Comme ailleurs, à l’université de Paris-Saclay, l’intense travail de discussion depuis le début de la réforme n’a pas permis de lever tous les doutes. Début février, le conseil de la faculté de sciences (la plus importante) votait une motion exprimant ses « plus vives inquiétudes » sur le dispositif. La mise en place d’un groupe de travail chargé notamment de cadrer l’harmonisation des attendus dans les contrats de CPJ, ou d’évaluer les effets du dispositif au bout de deux ans, constitue autant un garde-fou qu’une mesure d’apaisement.
« Evidemment que seraient préférables des créations de poste en bonne et due forme, mais je n’en ai pas vu depuis que je suis à l’université… », commente Jane Lecomte, professeure d’écologie et vice-présidente de Paris-Saclay chargée du développement soutenable. Le laboratoire « Ecologie, systématique et évolution » qu’elle dirigeait jusqu’en mars a demandé et obtenu une CPJ axée sur la recherche des « impacts écologiques et économiques des invasions biologiques ». Selon elle, « le dispositif permet ainsi de recruter des chercheurs travaillant sur des sujets émergents ou interdisciplinaires », ce qui est plus difficile avec la procédure habituelle via les facultés et le Conseil national des universités, organisés par discipline.

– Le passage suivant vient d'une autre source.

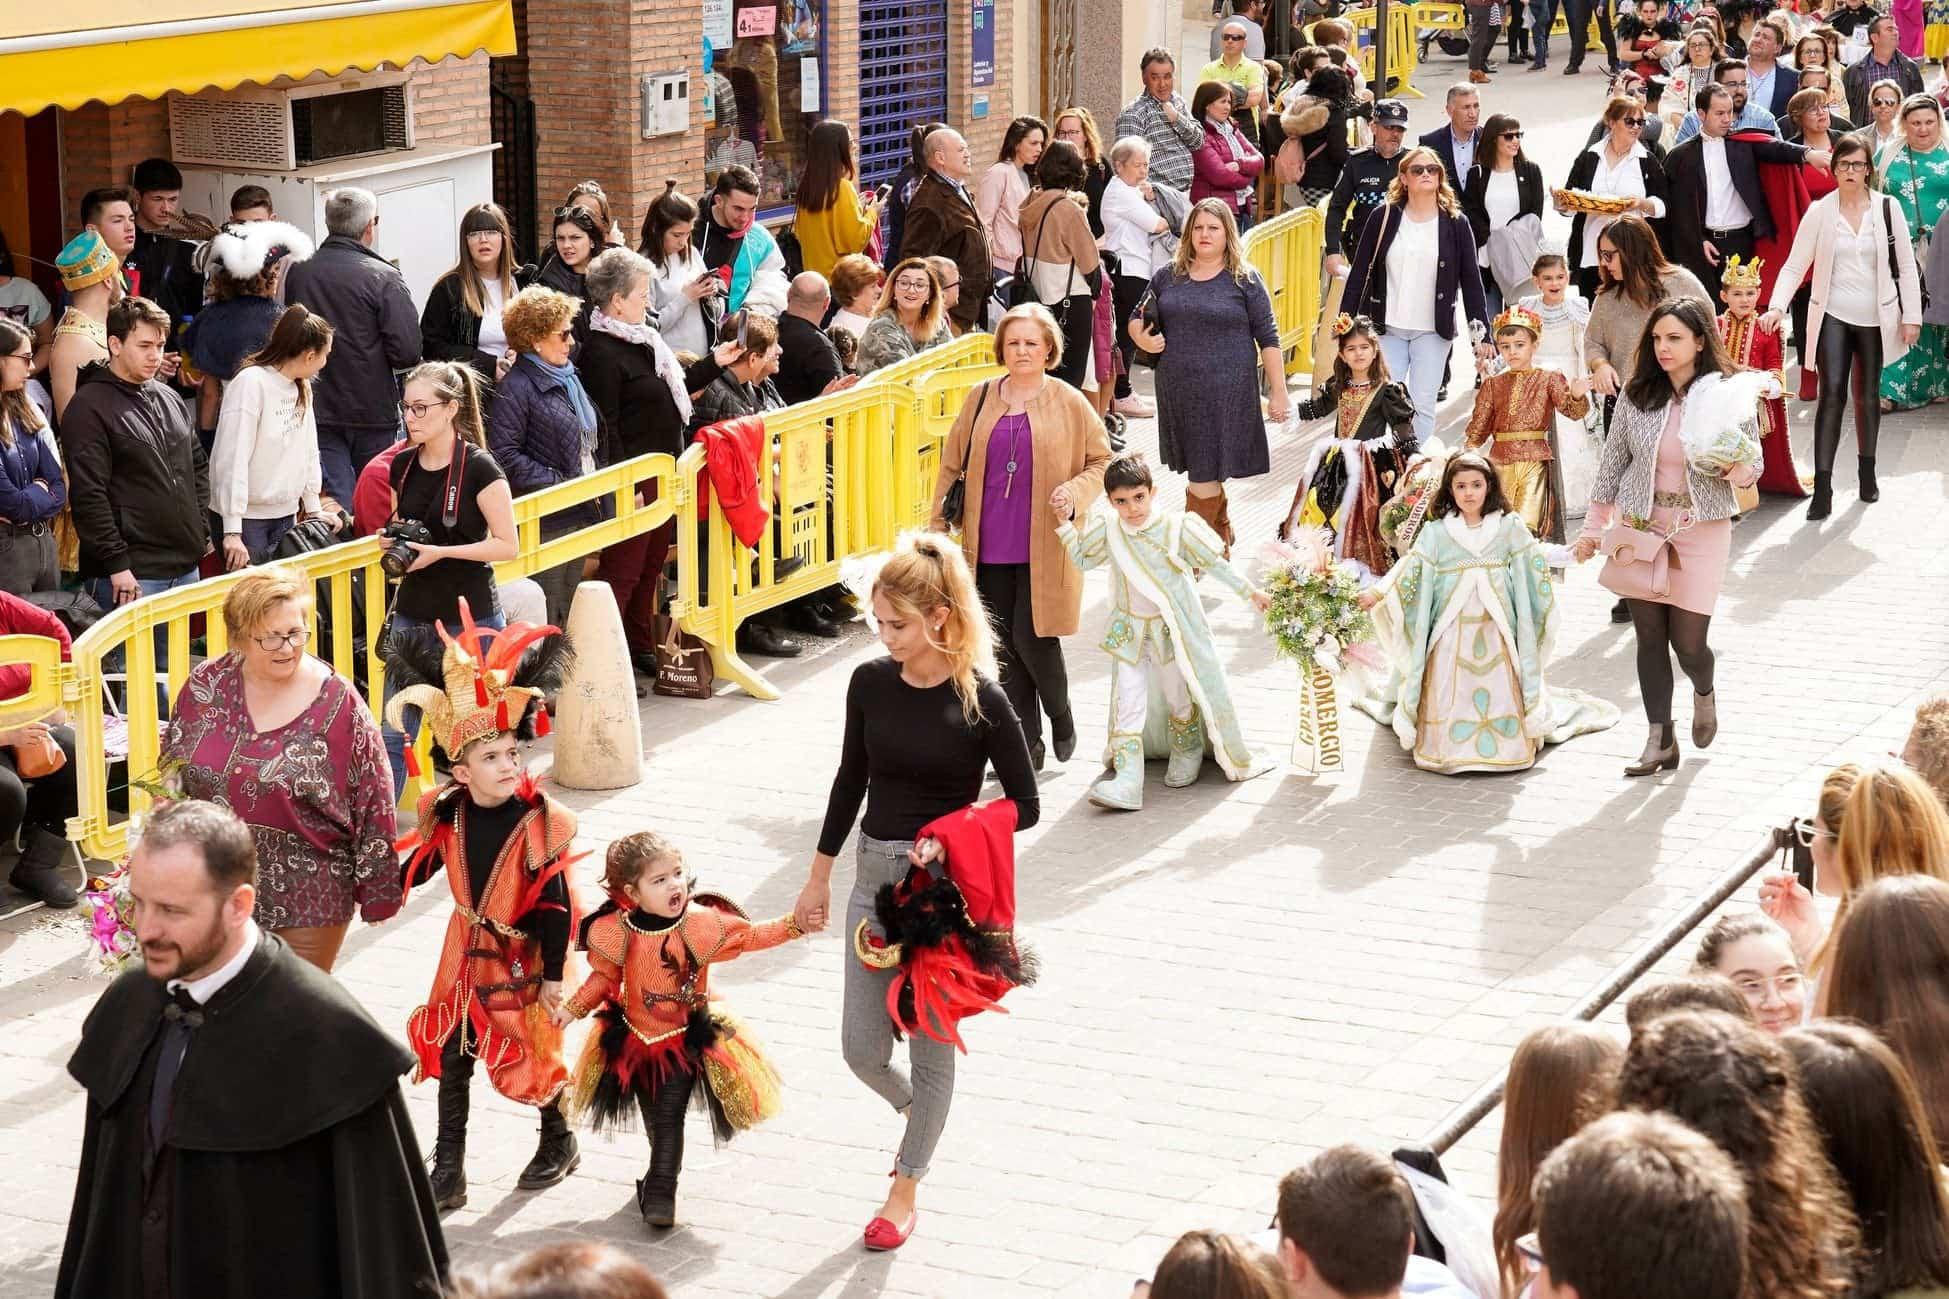 Carnaval de herencia 2020 ofertorio 148 - Selección de fotografías del Ofertorio del Carnaval de Herencia

Ce principe de réalité visant à allier opportunité financière face à la pénurie et stratégie en matière de recherche scientifique est ce qui a amené d’autres laboratoires à franchir le pas, malgré les craintes. « Dans les disciplines comme le droit, particulièrement sous-encadrées, nous sommes souvent contraints de recruter des chercheurs “tout-terrain” capables, aussi et surtout, d’assurer des heures d’enseignement », commente Christophe Fardet, directeur de l’Institut de recherches sur l’évolution de la nation et de l’Etat de l’université de Lorraine. « Ces postes de chaires nous donnent l’opportunité de recruter des forts potentiels sur des domaines scientifiques précis et ainsi de développer une vraie politique de recherche », ajoute-t-il, s’efforçant de croire que « ces postes continueront à être proposés “en plus” des autres à l’avenir ». « Je ne suis pas sûr que ces CPJ soient le Graal mais elles constituent des facteurs d’attractivité, notamment à l’étranger, pour aller à la chasse aux talents scientifiques plutôt qu’à la pêche », résume de son côté Pierre Mutzenhardt, le président de l’université de Lorraine. Preuve de cette attractivité internationale, selon lui : sur les sept profils en passe d’être recrutés pour les CPJ de 2021, seulement deux sont français.
Reste à savoir comment dans les universités et les organismes de recherche ces chercheurs, pas si « juniors » que cela finalement étant donné les critères de sélection, s’intégreront, dans quelques mois, dans les équipes de leurs nouveaux laboratoires, avec un statut à part : seulement soixante-quatre heures d’enseignement prévues, contre cent quatre-vingt-douze pour les MCF, des conditions de recherche parfois plus confortables que leurs collègues et, surtout, ce billet coupe-file leur permettant de devenir professeur des universités en seulement six ans, là où les MCF attendent parfois bien plus longtemps. Alors que certains interlocuteurs disent craindre des tensions, des jalousies et une mauvaise ambiance entre collègues, d’autres leur rappellent que les différences de statut sont déjà légion dans de nombreux départements : maître de conférences, professeur des universités, doctorant, postdoc, directeur de recherche, attaché temporaire d’enseignement et de recherche, chercheur détaché, ingénieur de recherche… Il n’est pas certain que l’argument apaise les craintes.